La sueur me trempe le dos, en dépit du froid ambiant. Machinalement, je glisse la main dans ma poche à la recherche de la lampe-torche. Après un bref regard autour de moi, j’appuie sur l’interrupteur avant de braquer le faisceau vers la tombe.
Quand la lumière surgit, Charles s’avance pour m’arrêter, mais il se fige en voyant ce que j’ai tiré de l’ombre. Même si la lampe n’en éclaire qu’une partie, nous reconnaissons une silhouette humaine. Un corps noirâtre, racorni, comme découpé dans du vieux cuir. Je ne distingue pas grand-chose d’autre, mais cela suffit à me faire reculer précipitamment, en serrant les dents pour ne pas hurler. Charles, qui se tient derrière moi, me saisit par les épaules avant de me prendre doucement la torche des mains. À son tour, il se penche pour examiner la forme immergée.

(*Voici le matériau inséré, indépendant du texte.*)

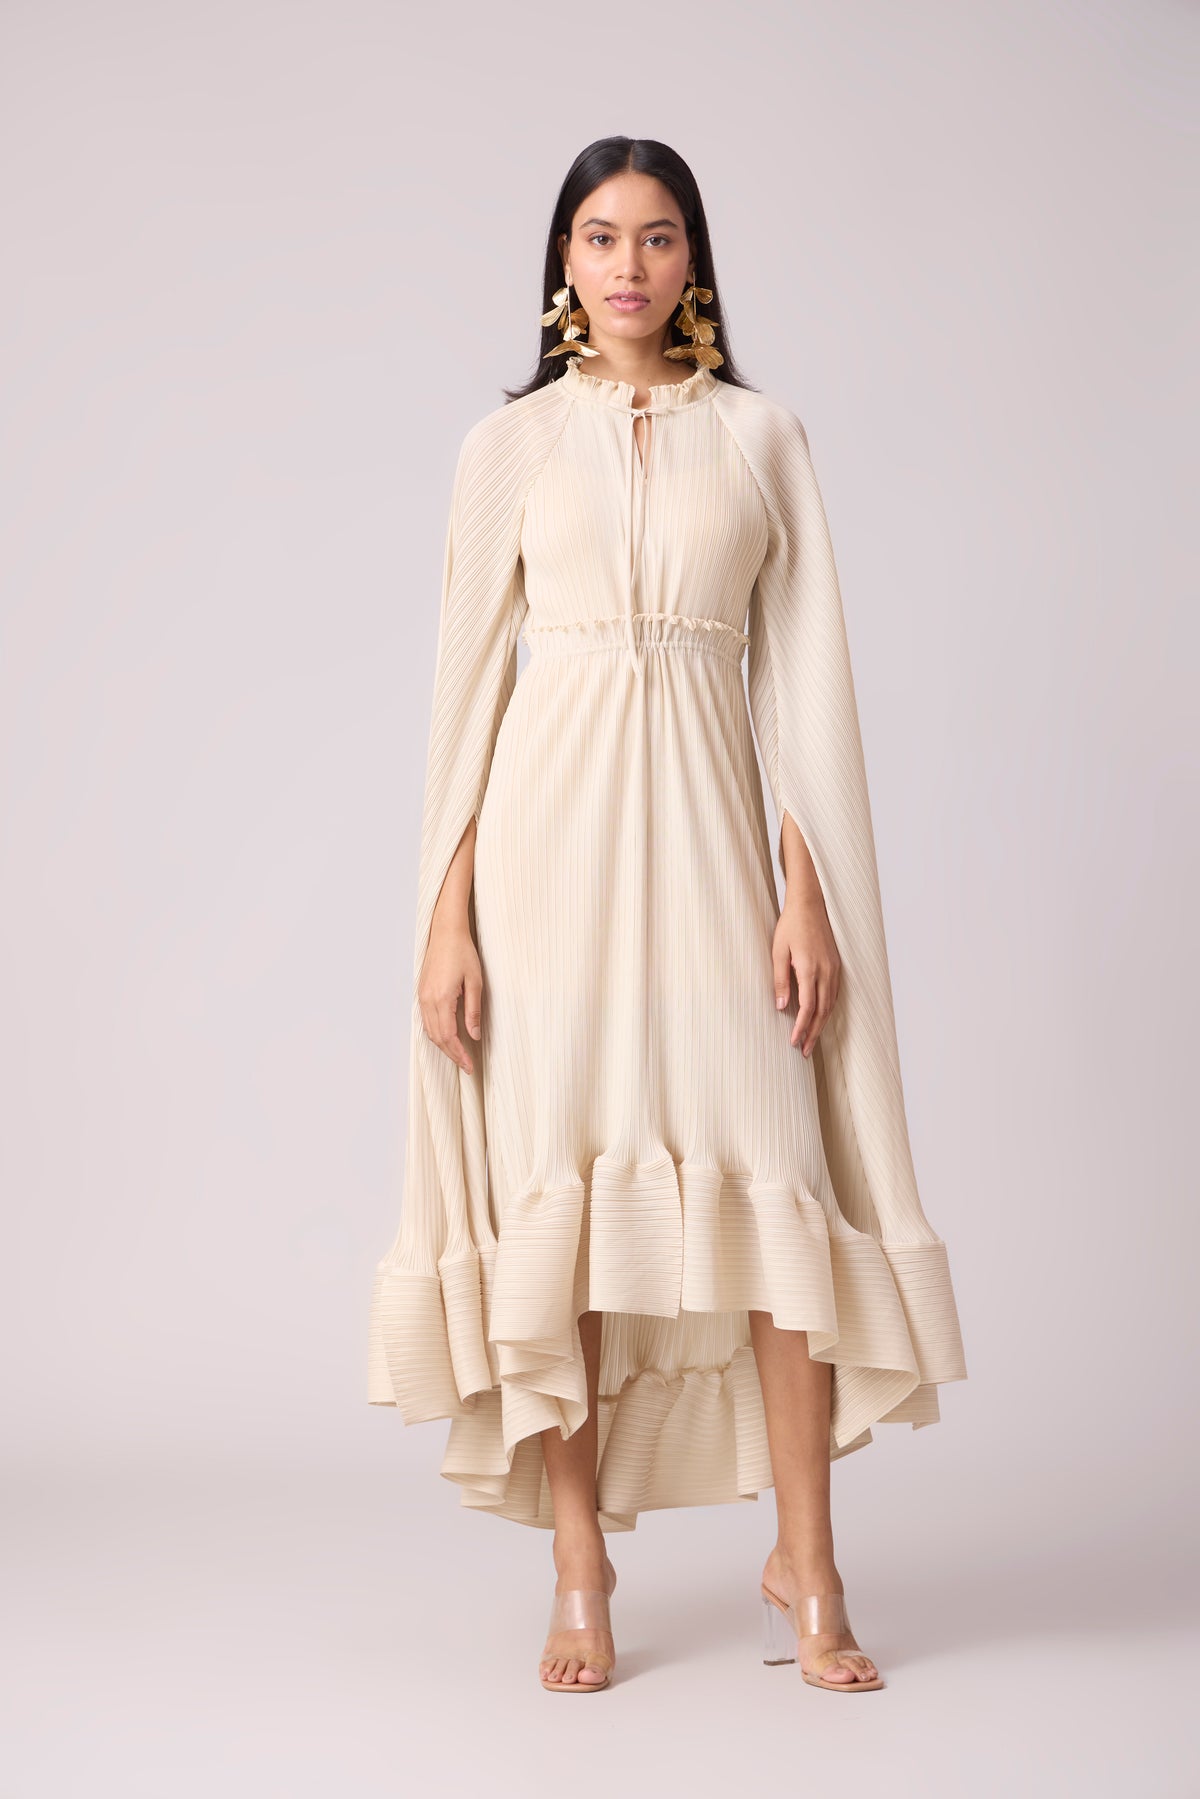 Tasmina Dress - Off White

— Mon dieu… Depuis combien de temps est-il là ?
Après avoir pris quelques profondes inspirations – et lutté pour ne pas rendre mon maigre et écœurant repas –, je commence à me calmer. Cette trouvaille, si je peux appeler cela ainsi, ne relève sans doute que d’une tradition ancienne. Il doit s’agir d’une relique lugubre, au même titre que les ossuaires en plein air ou les restes de saints exposés dans les églises.
— Cet homme semble avoir traversé les âges, murmure mon compagnon d’un ton incrédule. Même ses vêtements sont encore là.
— Malgré toute cette eau ?
— Je dirais plutôt… grâce à cette eau. Les marécages possèdent de singulières capacités de conservation. On a retrouvé des corps étonnement préservés dans les tourbières. Cette eau a peut-être des propriétés similaires. Comme une sorte de… saumure.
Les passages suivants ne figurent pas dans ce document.